There is no reason to expect that a different resident of Number 10 Downing Street would be any less resistant to getting his or her hands into the sweetie jar that is the BBC. If there were a Labour Prime Minister, similar concerns would be raised. A few short months ago Ms Kuenssberg was practically a demon for some on the left. One particular charge was that she was biased against the Labour leader at the time, Jeremy Corbyn.

The notion that the Left also has some difficulty as the current UK Conservative government seems to have with the notion of impartial journalism has been reinforced by recent research by Oxford University’s Reuters Institute for the Study of Journalism. Their evidence suggests this is a phenomenon wider than the UK. They found in four countries that younger people who identify as left-leaning have comparatively low tolerance for the notion of impartiality in some contexts:

[T]he majority of people across markets think that news outlets should try to remain neutral. [But] among those aged 18–24, 40% in Brazil, 34% in Germany, 38% in the UK, and 30% in the US think it makes no sense to be neutral on some issues. The percentage of those aged over 55 who think the same ranges from 19% in Germany to 30% in Brazil, with the US (22%) and UK (26%) in between. As for those on the political left, the percentage of people who think neutrality sometimes does not make sense ranges from 36% in Germany to over half in the US (54%).

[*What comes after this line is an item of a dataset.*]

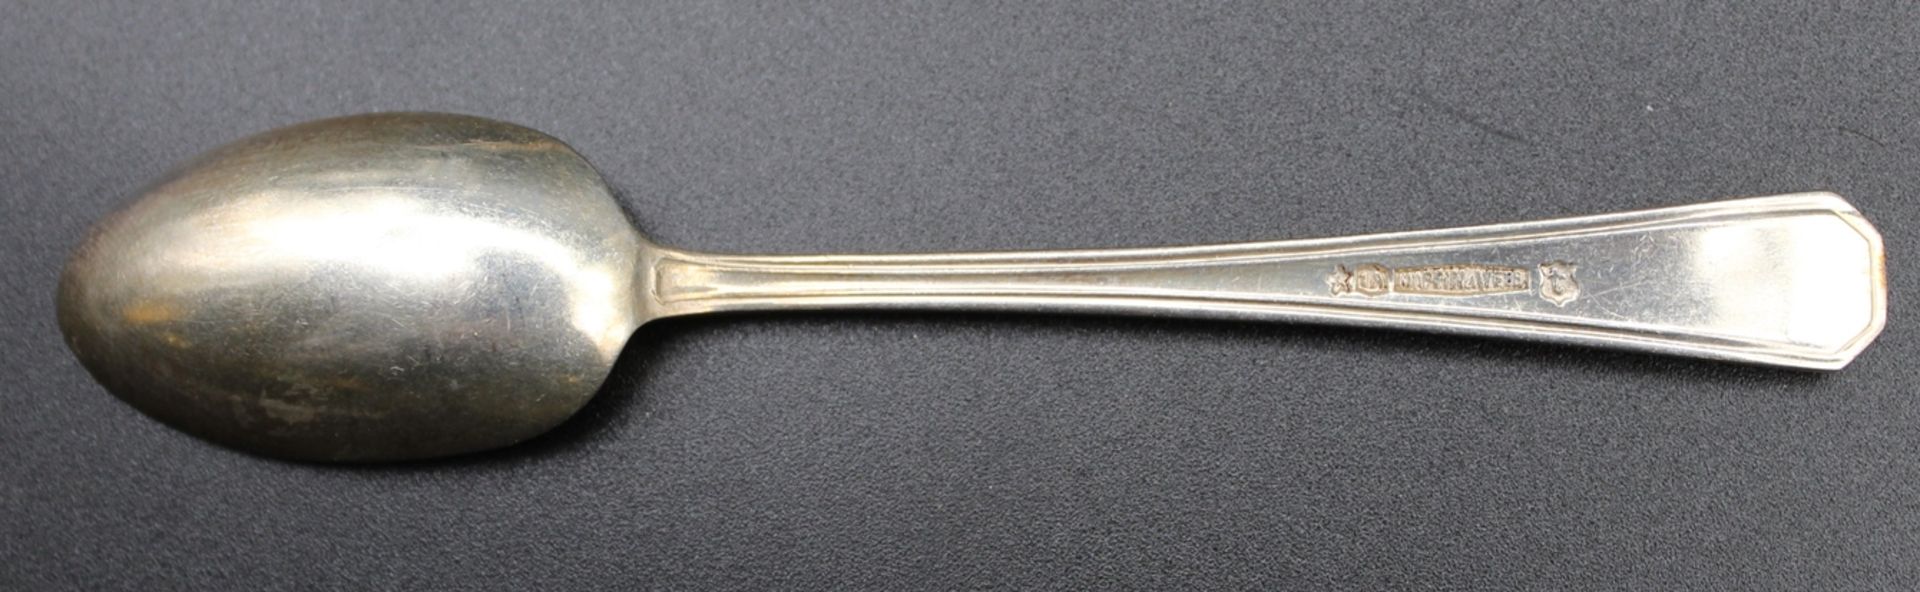 5x Teelöffel, Mappin & Webb, versilbert, Stile mit Ankersymbol, L-11cm. - Bild 2 aus 3

Such a view might be seen as having a long pedigree. A similar perspective was expressed by Herbert Marcuse in his 1965 article  Repressive Tolerance. Marcuse argued that tolerance (which, although a different concept, is in relevant ways connected with impartiality for current purposes) is an ideological construct that stands in the way of what he terms ‘real democracy’. And the fact that left and right have a similar ambivalence to this notion is highlighted by the fact that a similar point was made by Churchill, in an early fight with the BBC at the time of the UK’s General Strike in 1926. Churchill said that the BBC ‘had no right to be impartial between the fire and fire-brigade’.

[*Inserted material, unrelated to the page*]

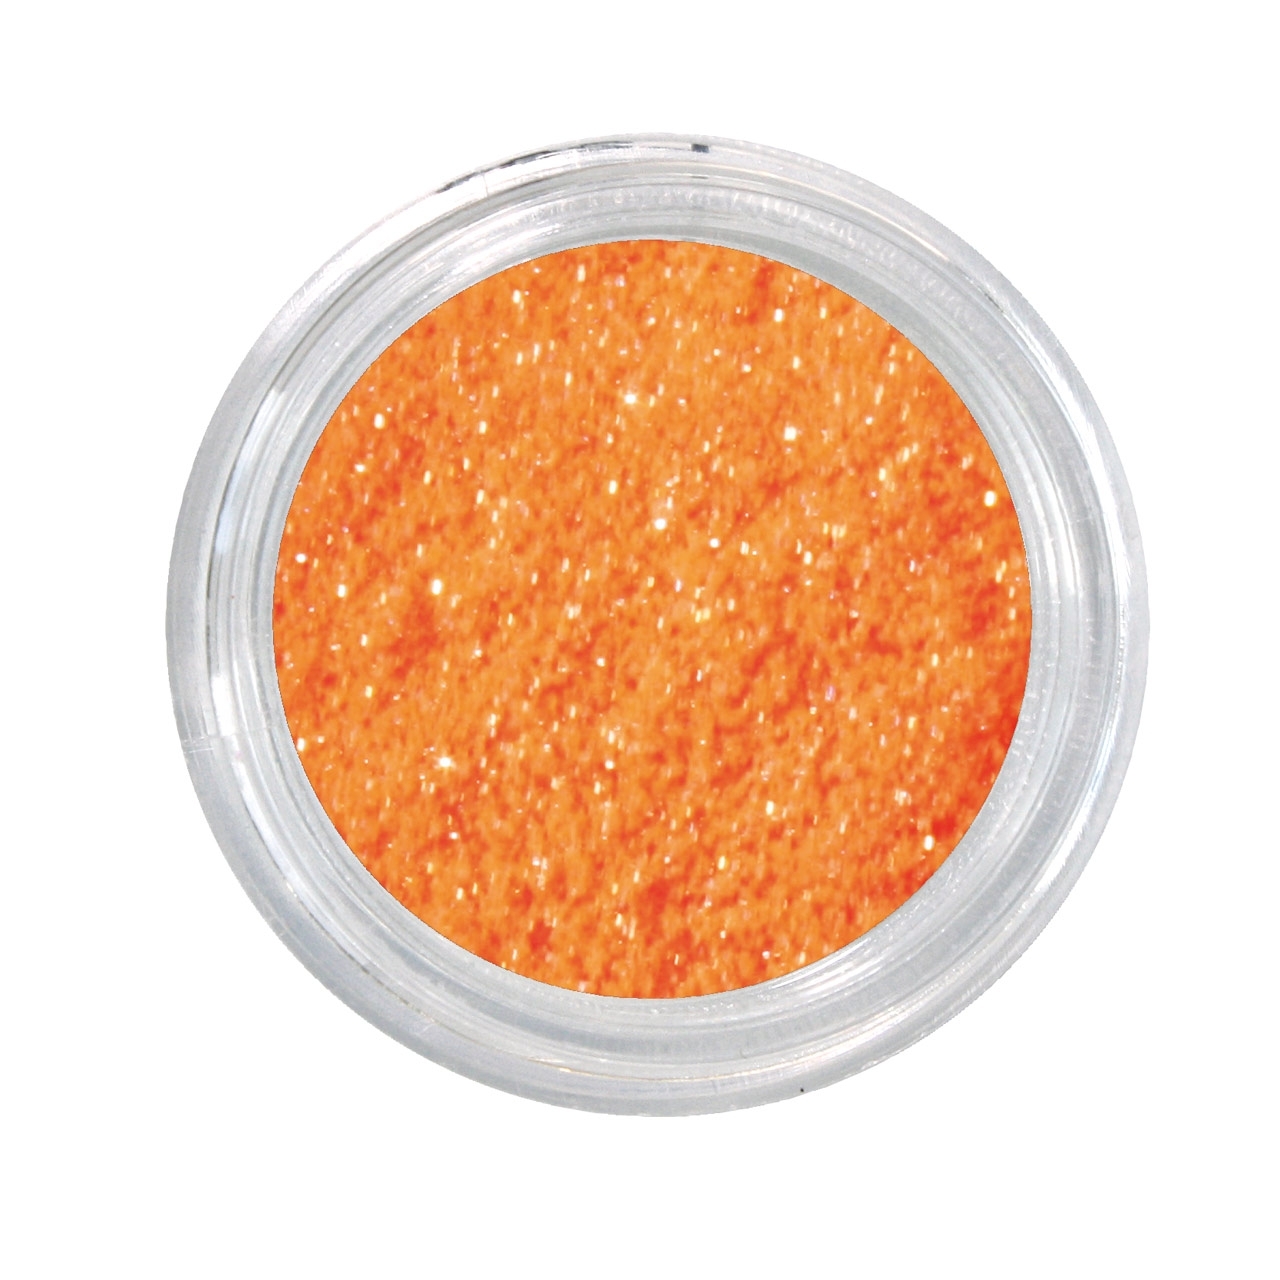 BAEHR BEAUTY CONCEPT NAILS Nail Art Glitterpulver orange

This blog and my past two blogs for the Verfassungsblog have been about questions of the UK Government and its influence and control over the BBC. In my first I explained how fragile are the protections in constitutional laws of the BBC from government influence. The most significant protections that exist are conventions. I argued that the fact they were conventions is not in itself a deficiency, as conventions can exert as firm a normative force over conduct as a law in a statute. But they are only powerful when there are consequences of their breach, and I was concerned that these consequences were being dissolved in the current politics of the UK.

One point the second post highlighted was the influence that a government of the day can exercise on the BBC through negotiations about money. The BBC is funded by a licence fee, and discussions about this are a means by which the government of the day can exert pressure on the BBC.  Indeed, just this happened a few days ago, when Nadine Dorries, the Government Minister responsible for such discussions, said she was unhappy about a BBC interview with the Prime Minster. This, she was reported to have said, would ‘cost the BBC a lot of money’.

This third blog highlights a potential problem caused by the fact that the government of the day has the power to appoint people to the board that oversees the BBC. A thread that unites three blogs is that the structures that preserve the independence of journalism from the power of the UK state seem to be under assault. If I’m correct, then there seems to be a problem. This problem, to express it in more abstract terms, relates to the extent to which private institutions that perform public functions should be the focus of public and constitutional law. It is reassuring that this problem is receiving the attention of public and constitutional lawyers, notably Aradhya Sethia at Cambridge, supervised by Professor Alison Young. There may have been little need for UK public law to pay attention to these questions in the past, but politics and attitudes seem to be changing.